Credentials and Premium scope opt-in live in .env:

# Required: OAuth credentials from developer.intuit.com
INTUIT_SANDBOX_CLIENT_ID=...
INTUIT_SANDBOX_CLIENT_SECRET=...
INTUIT_PROD_CLIENT_ID=...
INTUIT_PROD_CLIENT_SECRET=...

# Optional: Premium API scopes (only if your app has Premium approval)
INTUIT_SANDBOX_PREMIUM_SCOPES=project-management.project app-foundations.custom-field-definitions
INTUIT_PROD_PREMIUM_SCOPES=

See .env.example for the full list.

Profiles

Each connection is a named profile. The first login creates default automatically.

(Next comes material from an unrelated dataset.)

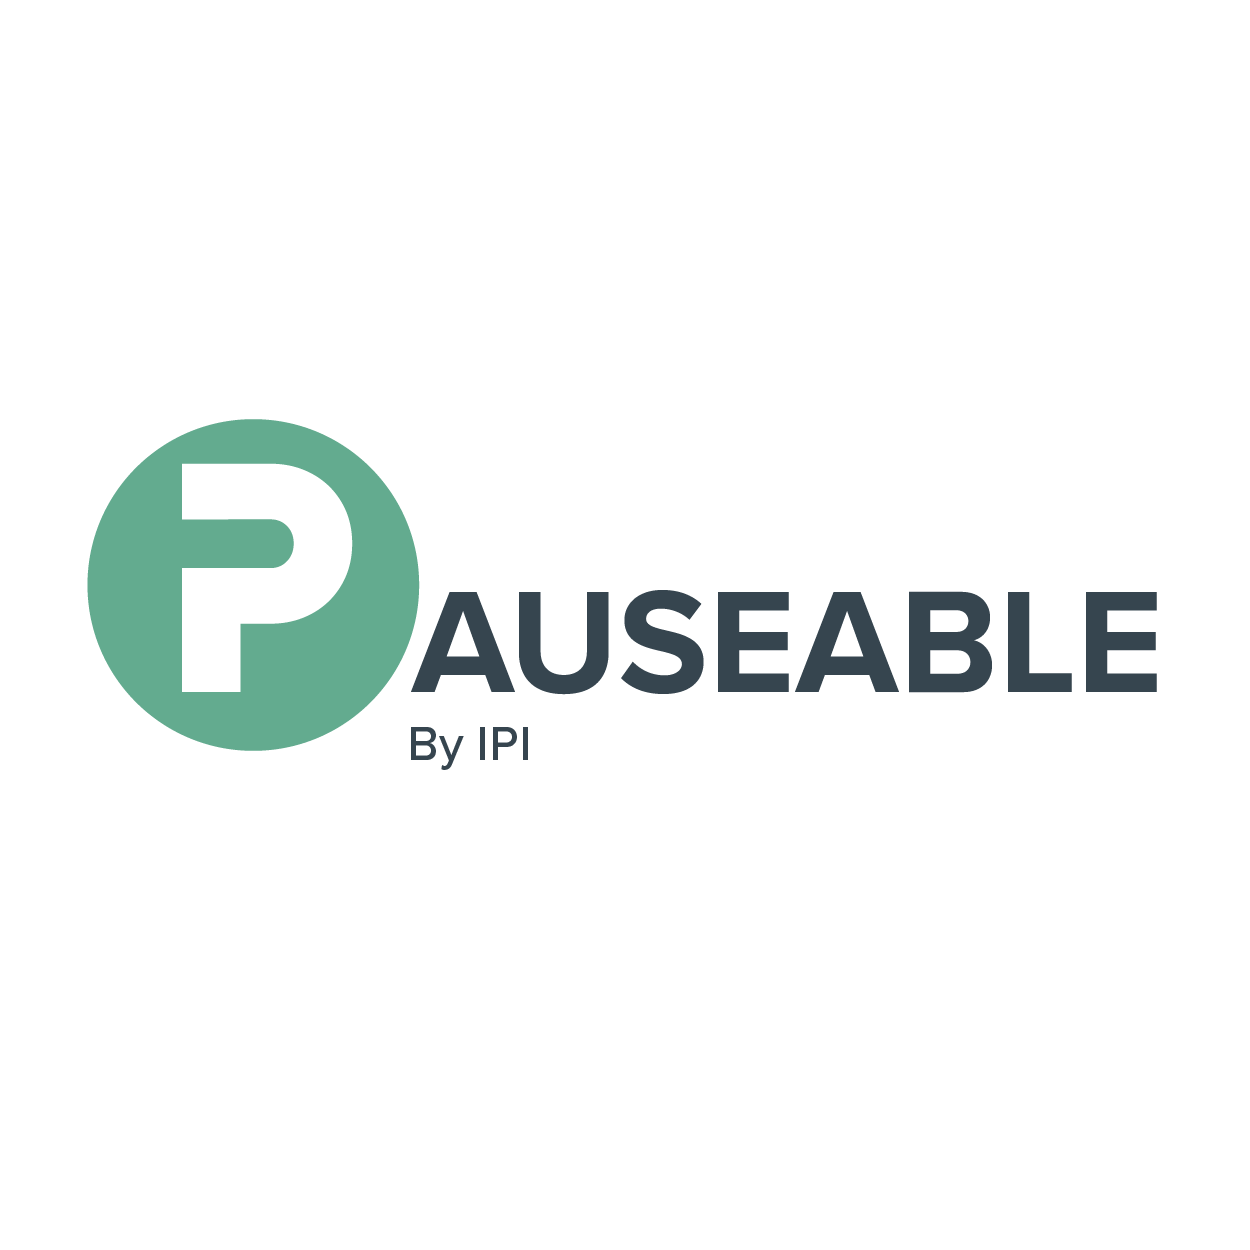 Pausable by IPI

intuit auth login --profile client-a --env sandbox
intuit auth login --profile prod --env production --redirect-uri https://yourapp.com/callback
intuit profile list
intuit profile switch client-a
intuit customers list --profile client-b       # one-off override

How OAuth works

The CLI uses OAuth 2.0 to connect to a QuickBooks company on your behalf. The full flow happens once, then access tokens auto-refresh silently for up to 101 days.

The flow at a glance

1. intuit auth login          ──► starts local listener on localhost:9477
2. Browser opens              ──► Intuit authorization URL
3. You sign in + pick a company
4. Intuit redirects back      ──► localhost:9477/callback?code=...&realmId=...
5. CLI exchanges code for tokens (access + refresh)
6. Tokens encrypted and stored at ~/.config/intuit-cli/

Steps 1-5 happen interactively. Every subsequent CLI call auto-refreshes the access token as needed using the refresh token — no further browser interaction until the refresh token expires.

Tokens

Token Lifetime Auto-refreshes?
Access token 1 hour Yes, by the CLI on next API call
Refresh token 101 days from issue No — re-run intuit auth login when it expires

Tokens are encrypted with AES-256-GCM, keyed by the OS keychain (macOS Keychain, Windows Credential Manager, Linux Secret Service), and written with 0600 permissions.

Picking a QuickBooks company

Each OAuth flow connects to one company (the "realm"). On the Intuit authorization screen, you select which QuickBooks company to connect — the realm ID for that company is recorded in your profile. To connect a different company, use a different profile name and re-run auth login:

intuit auth login --profile company-a --env sandbox
intuit auth login --profile company-b --env sandbox
intuit profile list   # shows both, with realm IDs

Sandbox vs production

  • Sandbox apps can use http://localhost:9477/callback as the redirect URI — convenient for development, and the CLI's local listener handles the callback automatically.
  • Production apps must use a registered HTTPS URL in your app settings (e.g. https://yourapp.com/callback). Intuit rejects localhost URLs for production. Pass the URL with --redirect-uri at login.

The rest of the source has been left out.